§ **Task to complete**: Copy the data that appears below exactly. Drop the pictures.

§ **Data below**:
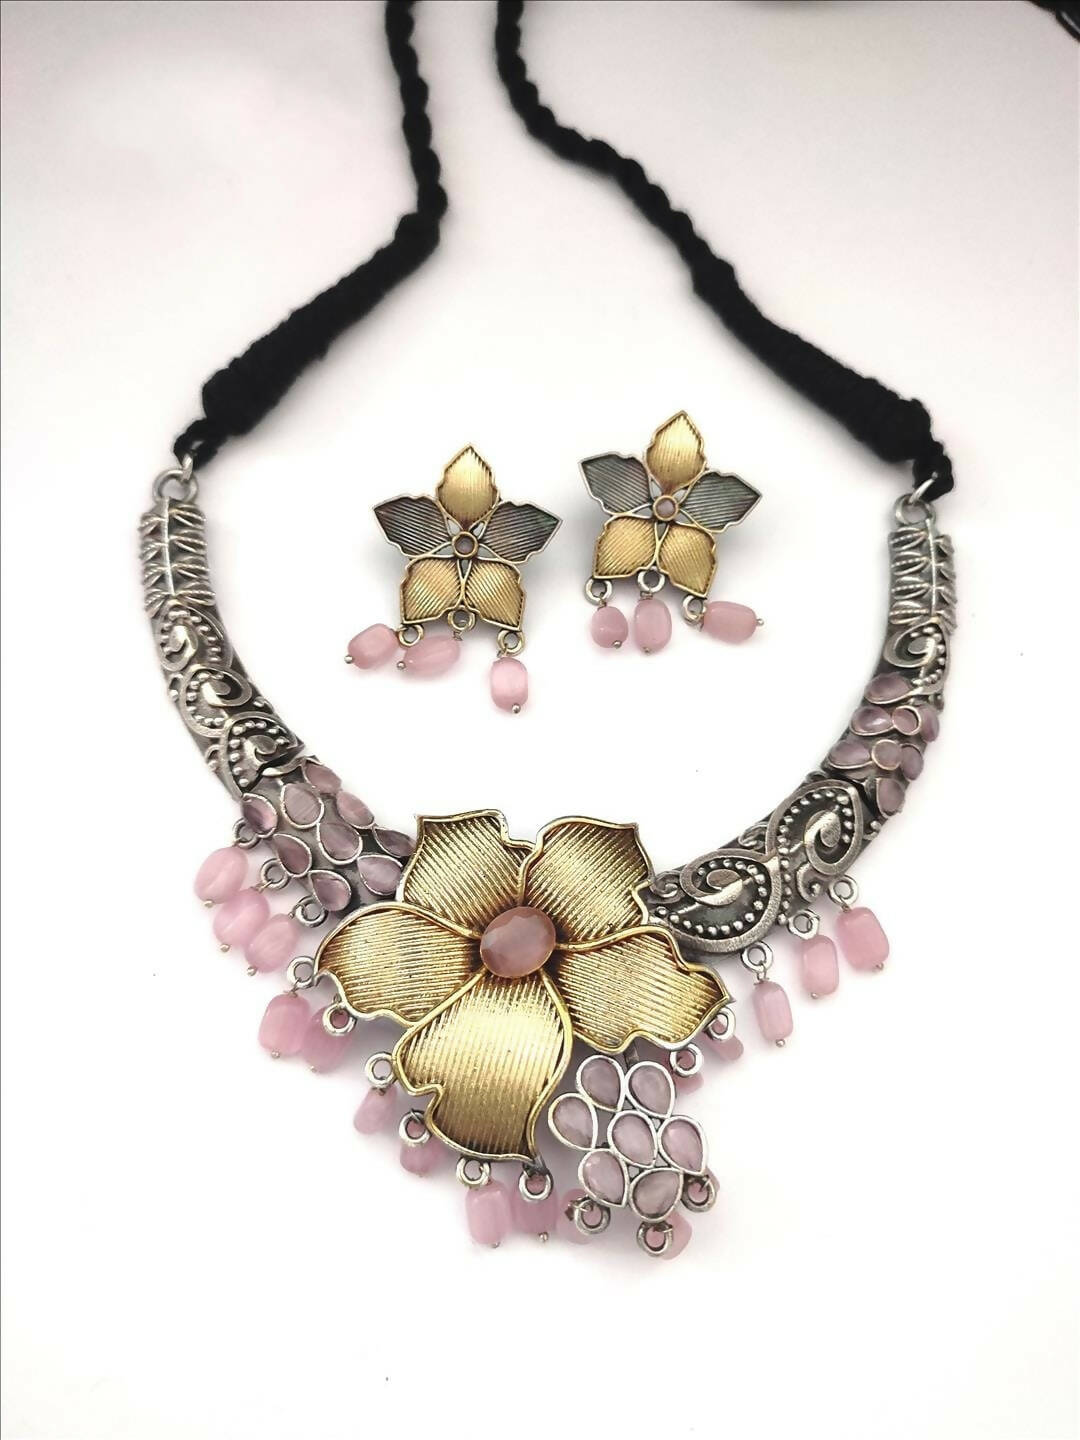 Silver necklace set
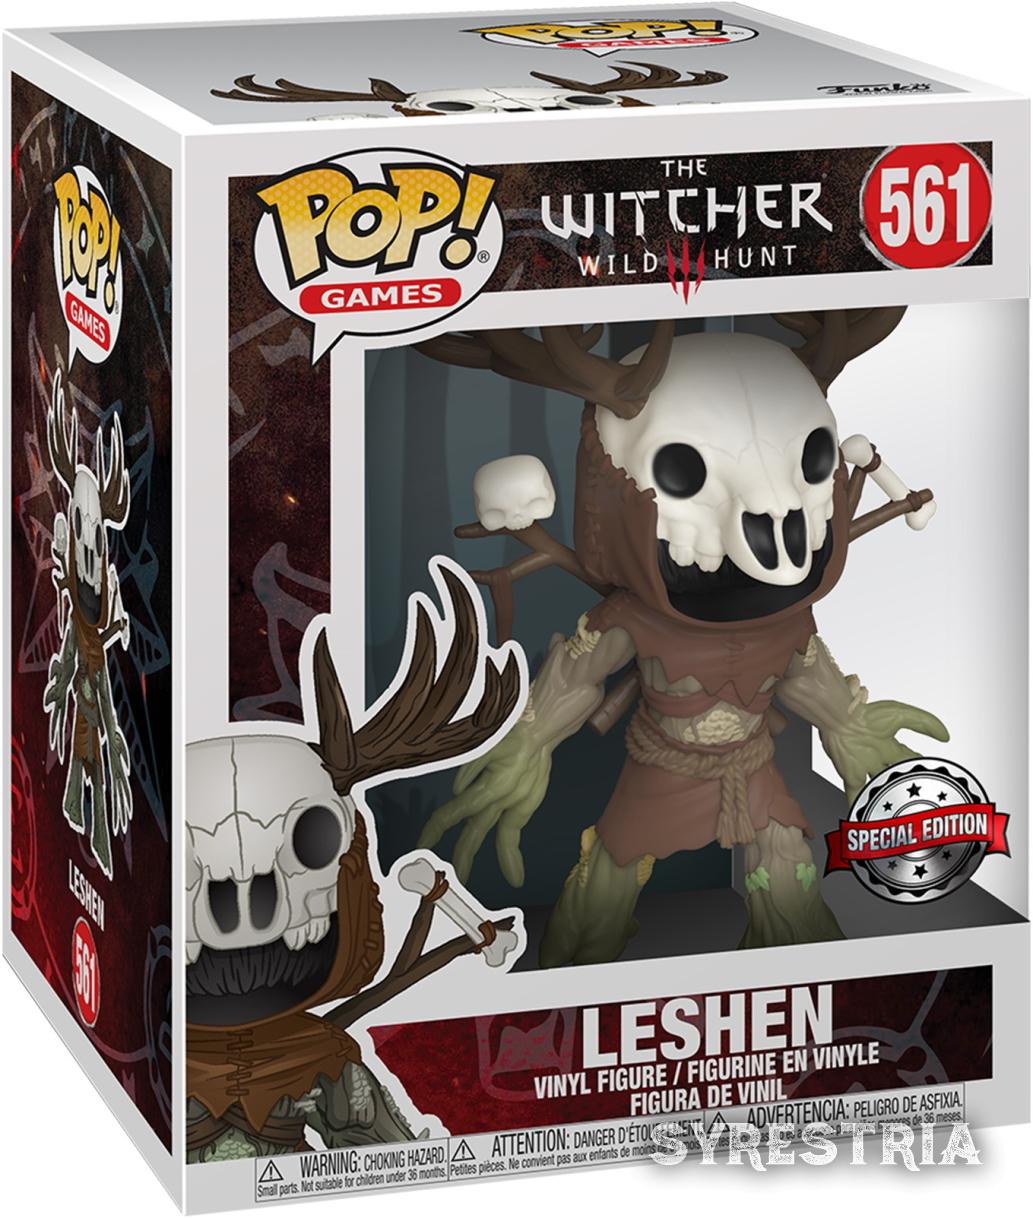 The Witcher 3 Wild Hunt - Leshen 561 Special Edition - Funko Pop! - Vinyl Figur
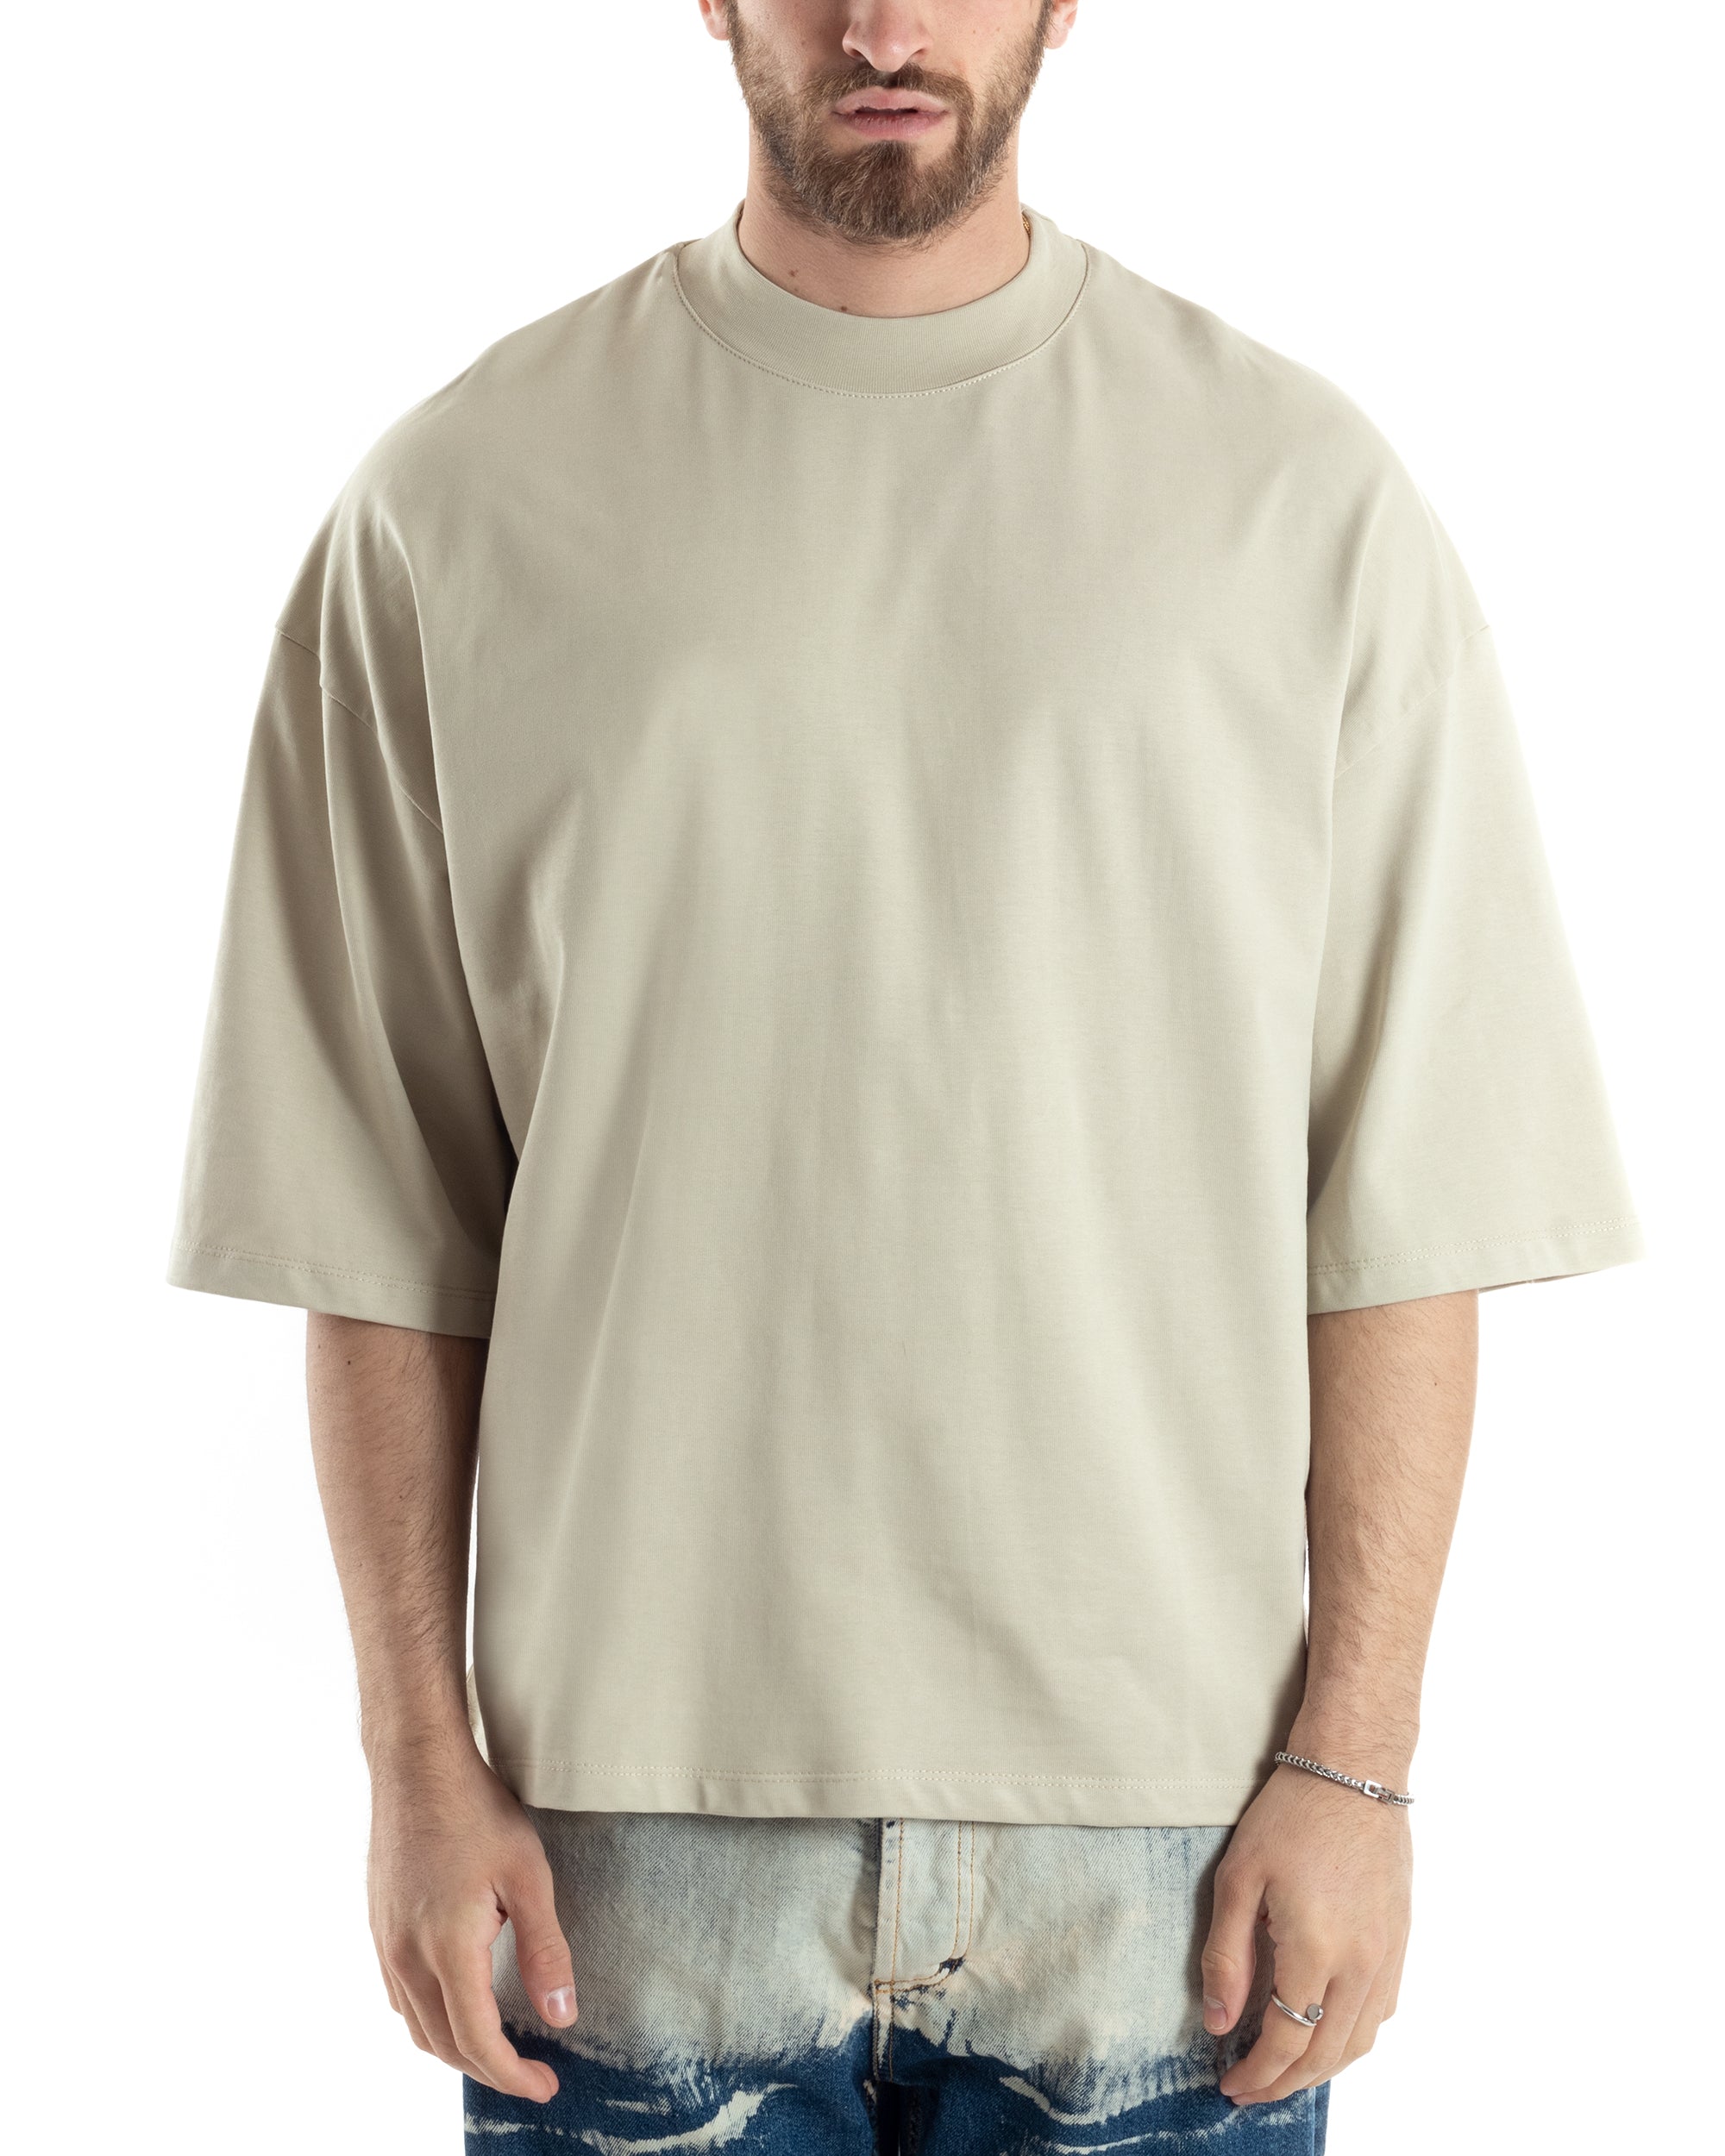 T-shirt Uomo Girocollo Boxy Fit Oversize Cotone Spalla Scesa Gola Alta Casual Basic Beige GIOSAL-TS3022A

§ **Written answer**:
 Silver necklace set
 The Witcher 3 Wild Hunt - Leshen 561 Special Edition - Funko Pop! - Vinyl Figur
 T-shirt Uomo Girocollo Boxy Fit Oversize Cotone Spalla Scesa Gola Alta Casual Basic Beige GIOSAL-TS3022A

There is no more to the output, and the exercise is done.